Mike Maguire, Interim Chief Executive Officer
commented on the Corporation’s third quarter 2024 financial and
operating results:
“I am very pleased
that we completed the strategic re-organization of the Corporation
in the third quarter, returning a sizeable amount of capital to our
shareholders and spinning out the PNG Business to shareholders via
High Arctic Overseas Holdings Corp. listed on the TSX Venture
Exchange.
The acquisition and
integration of Delta Rental Services has delivered positive
adjusted EBITDA and cash generation.

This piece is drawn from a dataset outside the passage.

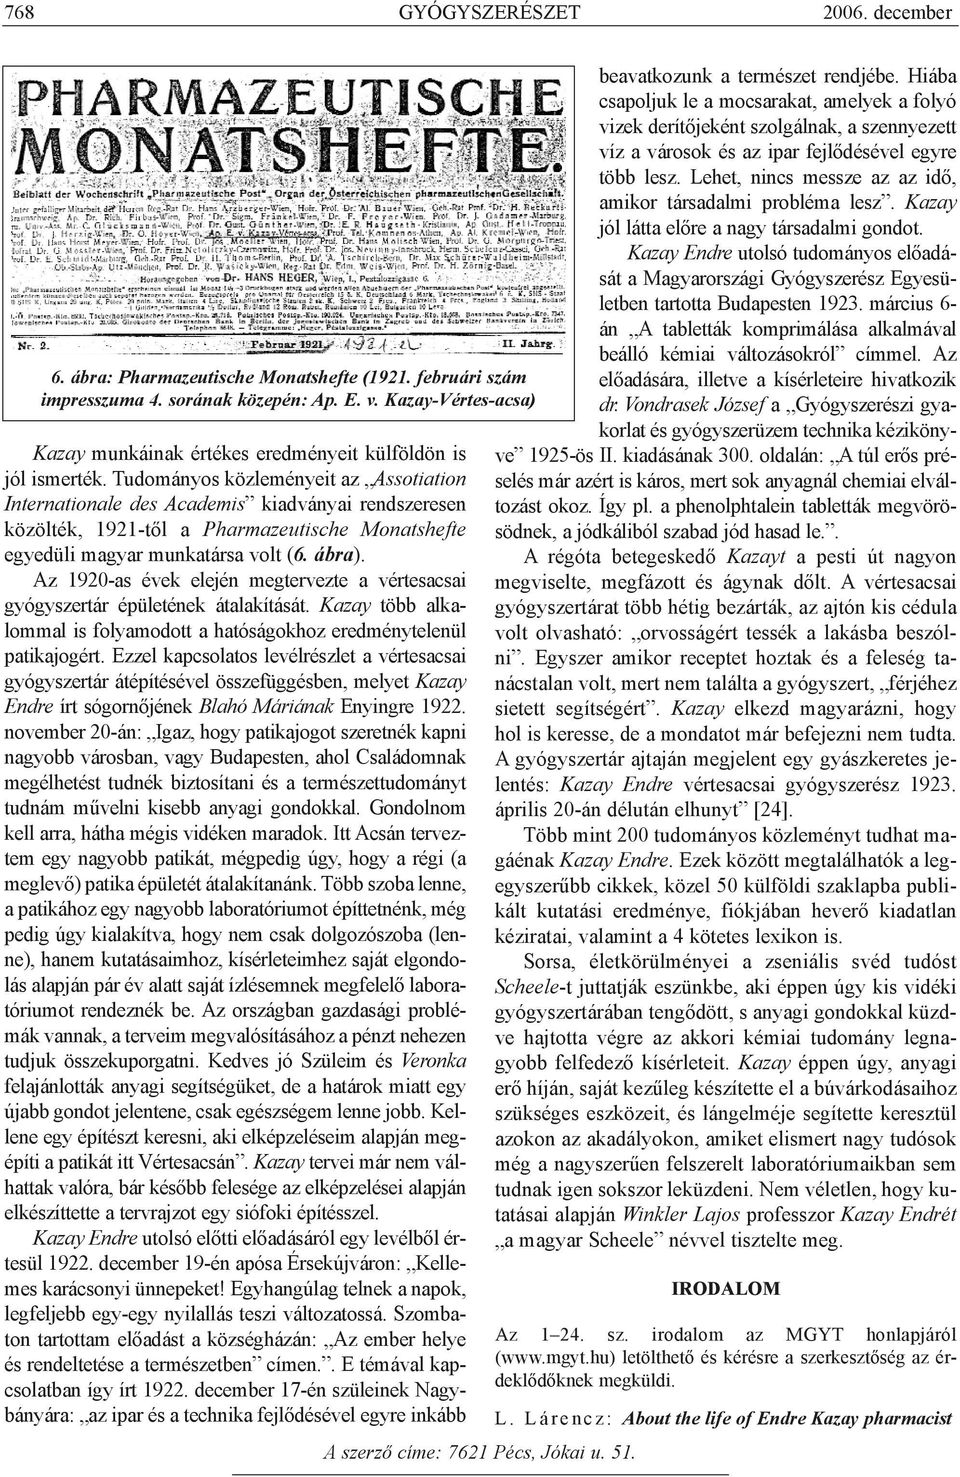 Tudományos közleményeit az Assotiation Internationale des Academis kiadványai rendszeresen közölték, 1921-tõl a Pharmazeutische Monatshefte egyedüli magyar munkatársa volt (6. ábra).
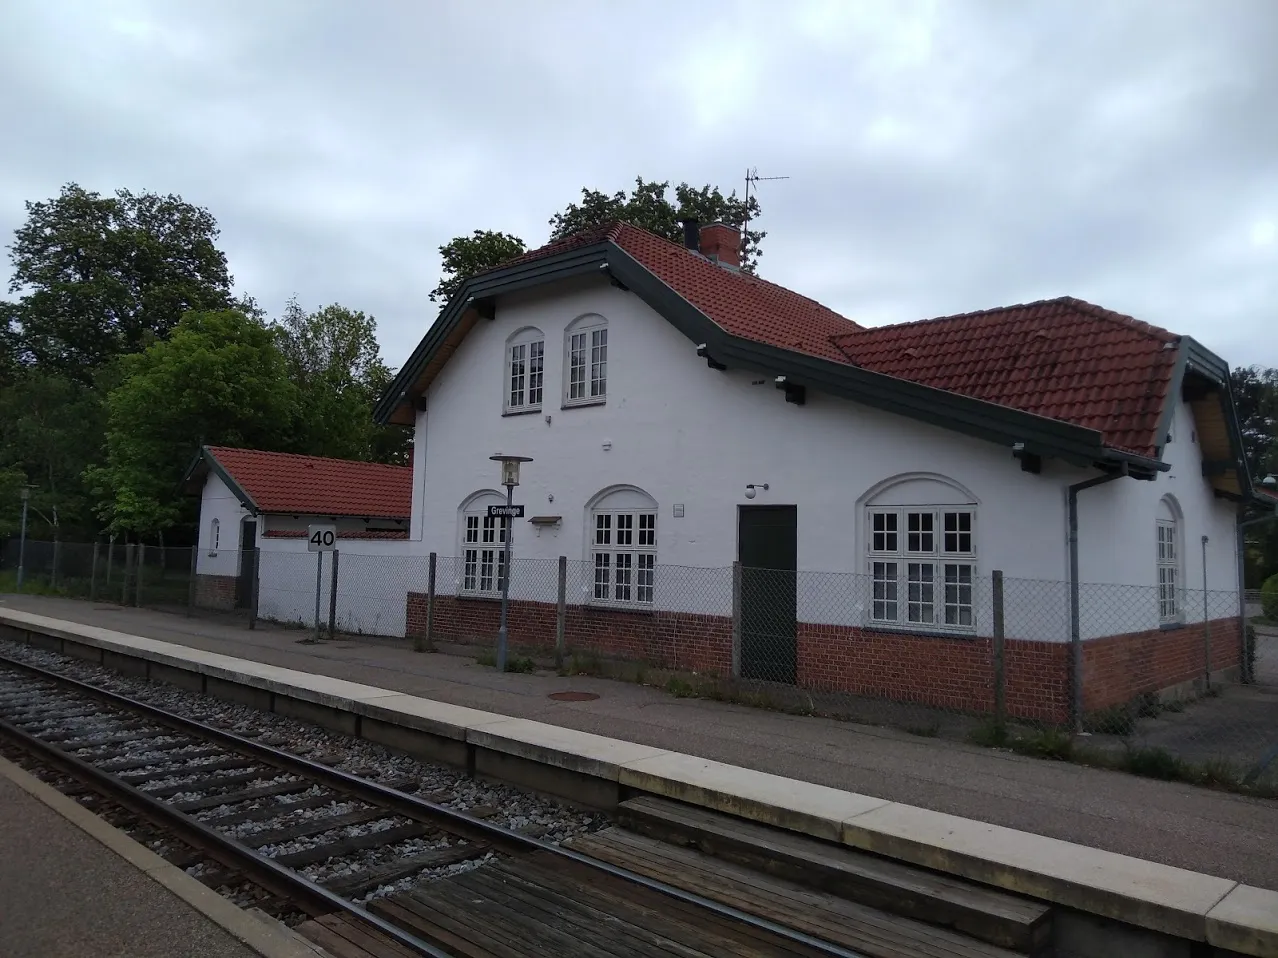 Photo showing: Grevinge Station is a station on the Odsherred line, connecting Holbæk with Nykøbing Sjælland

We have commenced cost
rationalization, particularly focussed on general and
administrative costs along with overhead cost reduction
initiatives. Combined with our equity investment in Team
Snubbing and owned real estate, High Arctic is positioned as an
attractive vehicle for future growth and
transactions.”
2024 THIRD QUARTER
HIGHLIGHTS
- Completed the re-organization of
High Arctic including the return of $37.8 million to shareholders
and the spin-out of the PNG Business as High Arctic Overseas
Holdings Corp., independently listed on the TSX Venture
Exchange.
- Increased revenue from operations
from $2.3 million to $8.0 million year to date on a comparative
basis as a result of the Delta Acquisition.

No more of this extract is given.